WHAT YOU NEED TO DO: An exact retyping of all lines below is the answer; pictures do not belong in it.

DATASET CONTENT:
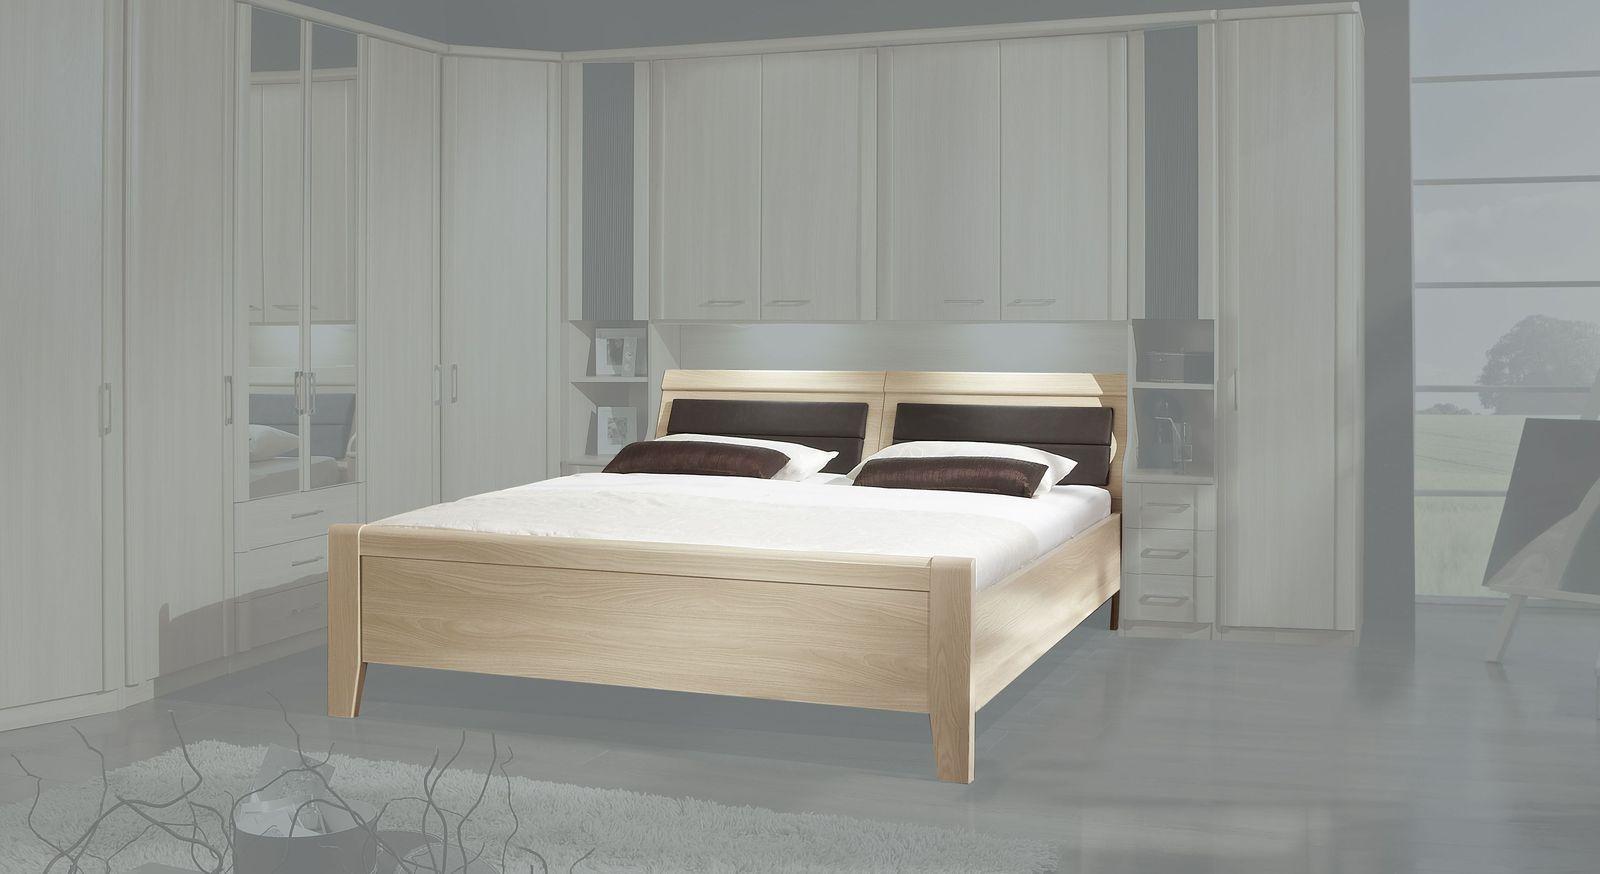 Bettbrücken-Bett Palena in Komforthöhe mit geradlinigem Design
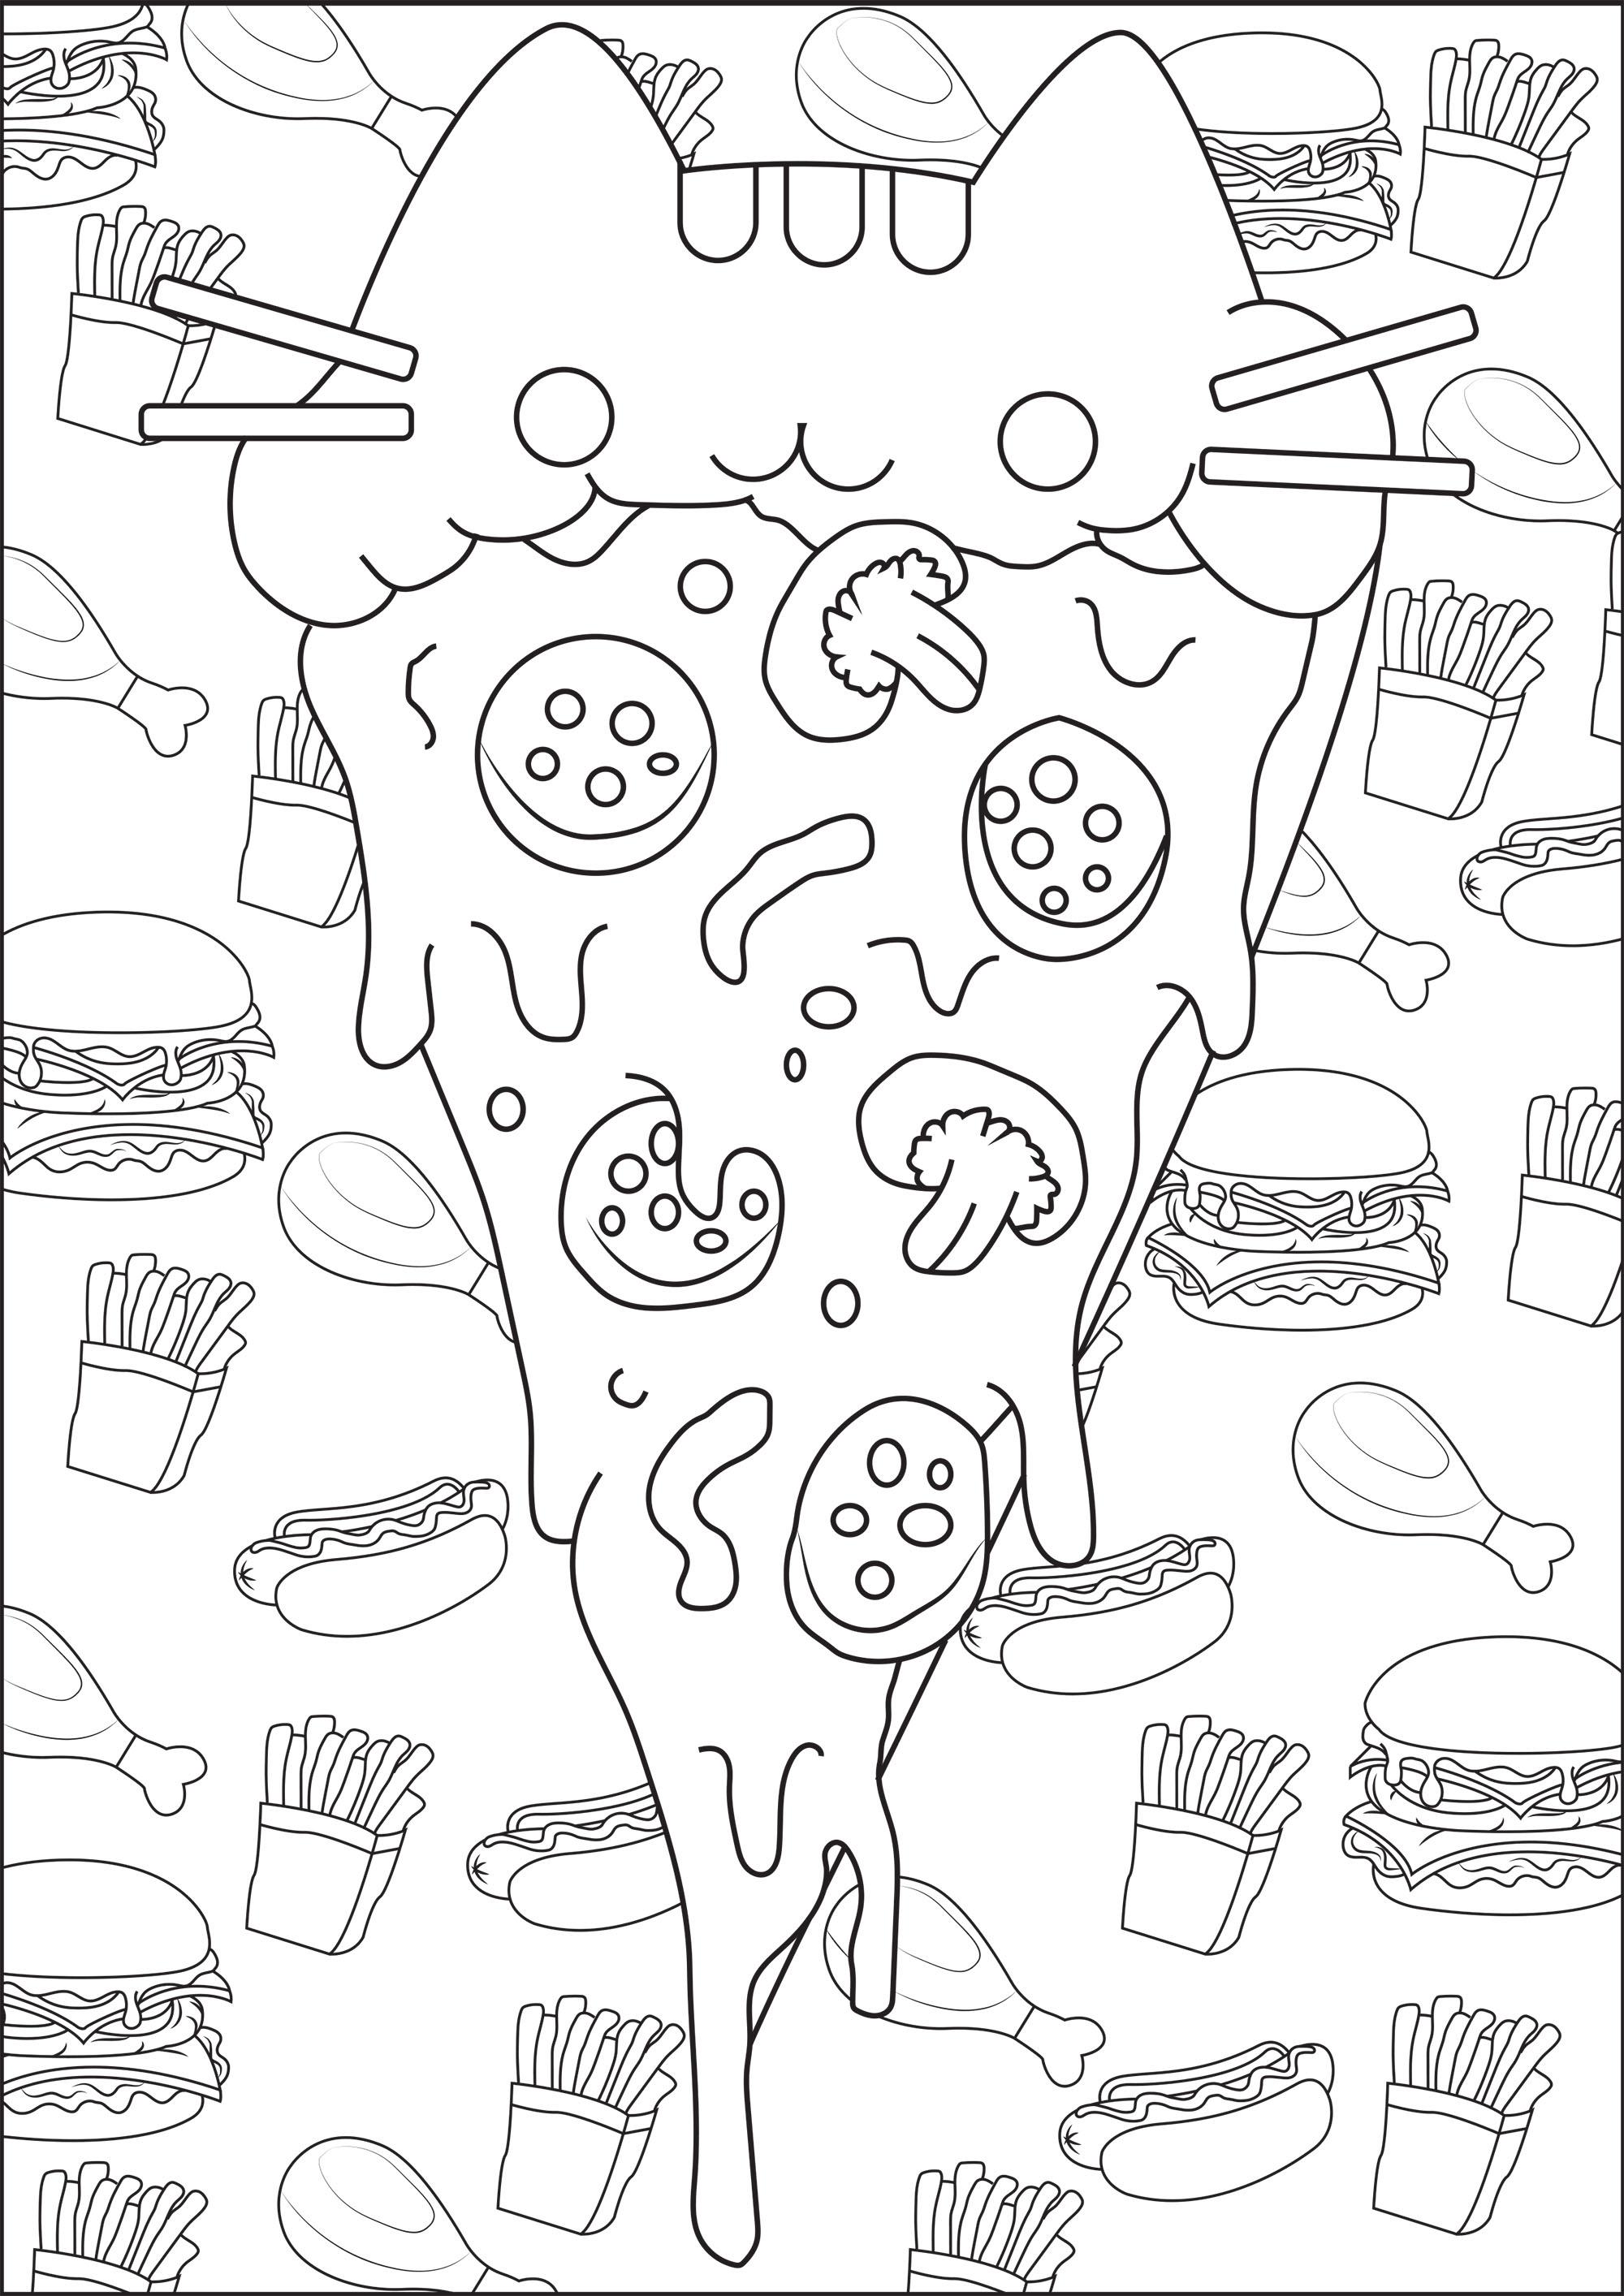 Une part de pizza avec une tête de Pusheen, sur un fond composé de frites et burgers ... De la Mal-bouffe mais trop mignonne :)
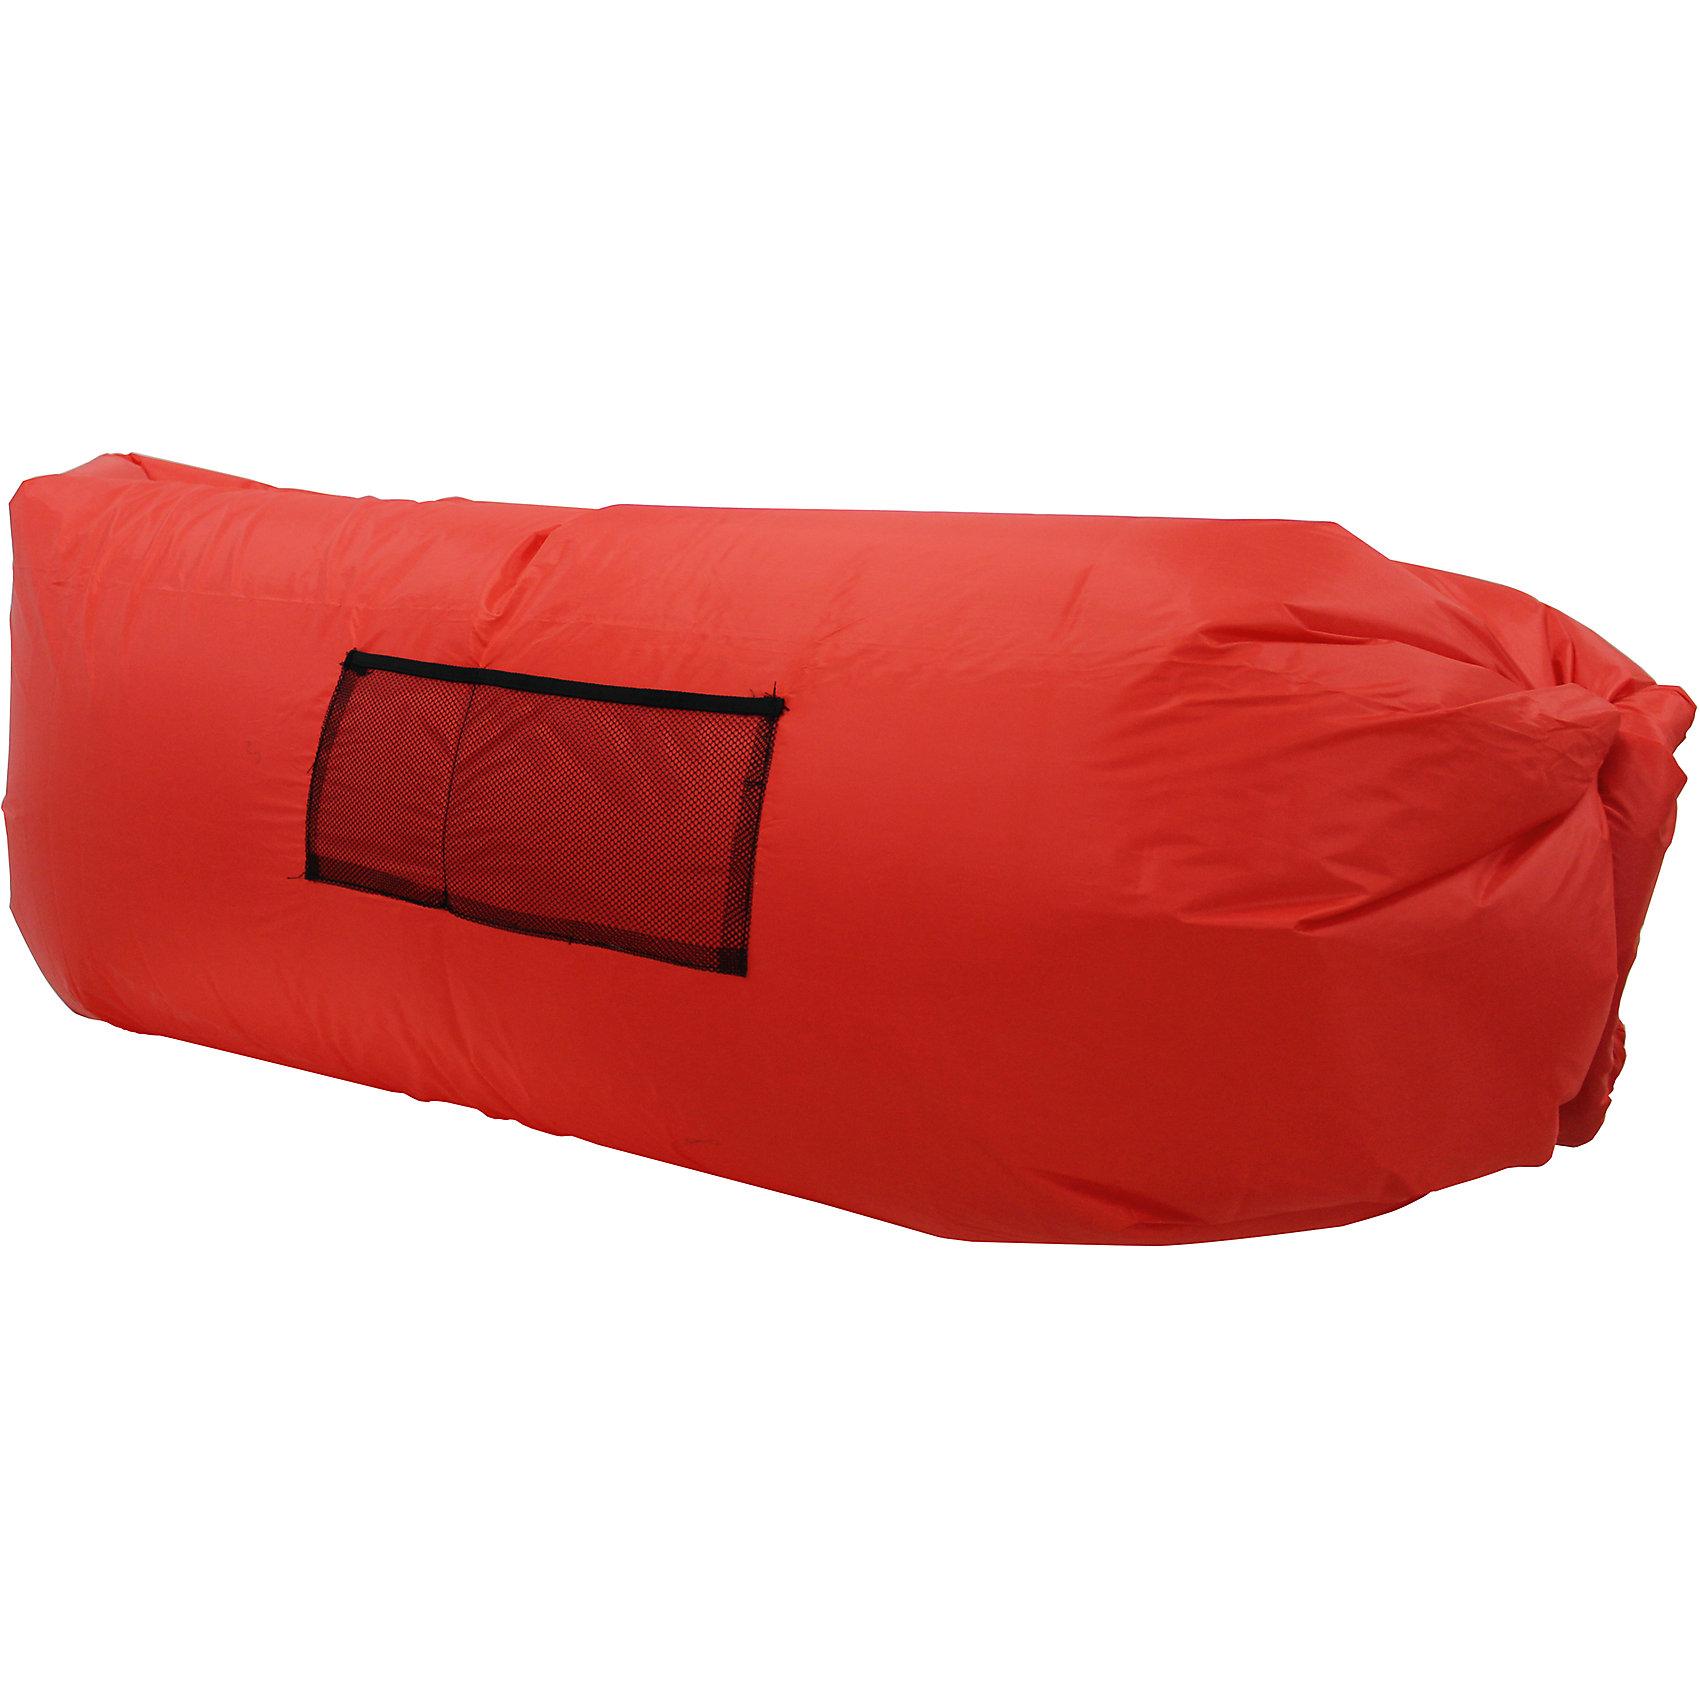 Надувной лежак, красный

PROBLEM SOLUTION:
 Bettbrücken-Bett Palena in Komforthöhe mit geradlinigem Design
 Une part de pizza avec une tête de Pusheen, sur un fond composé de frites et burgers ... De la Mal-bouffe mais trop mignonne :)
 Надувной лежак, красный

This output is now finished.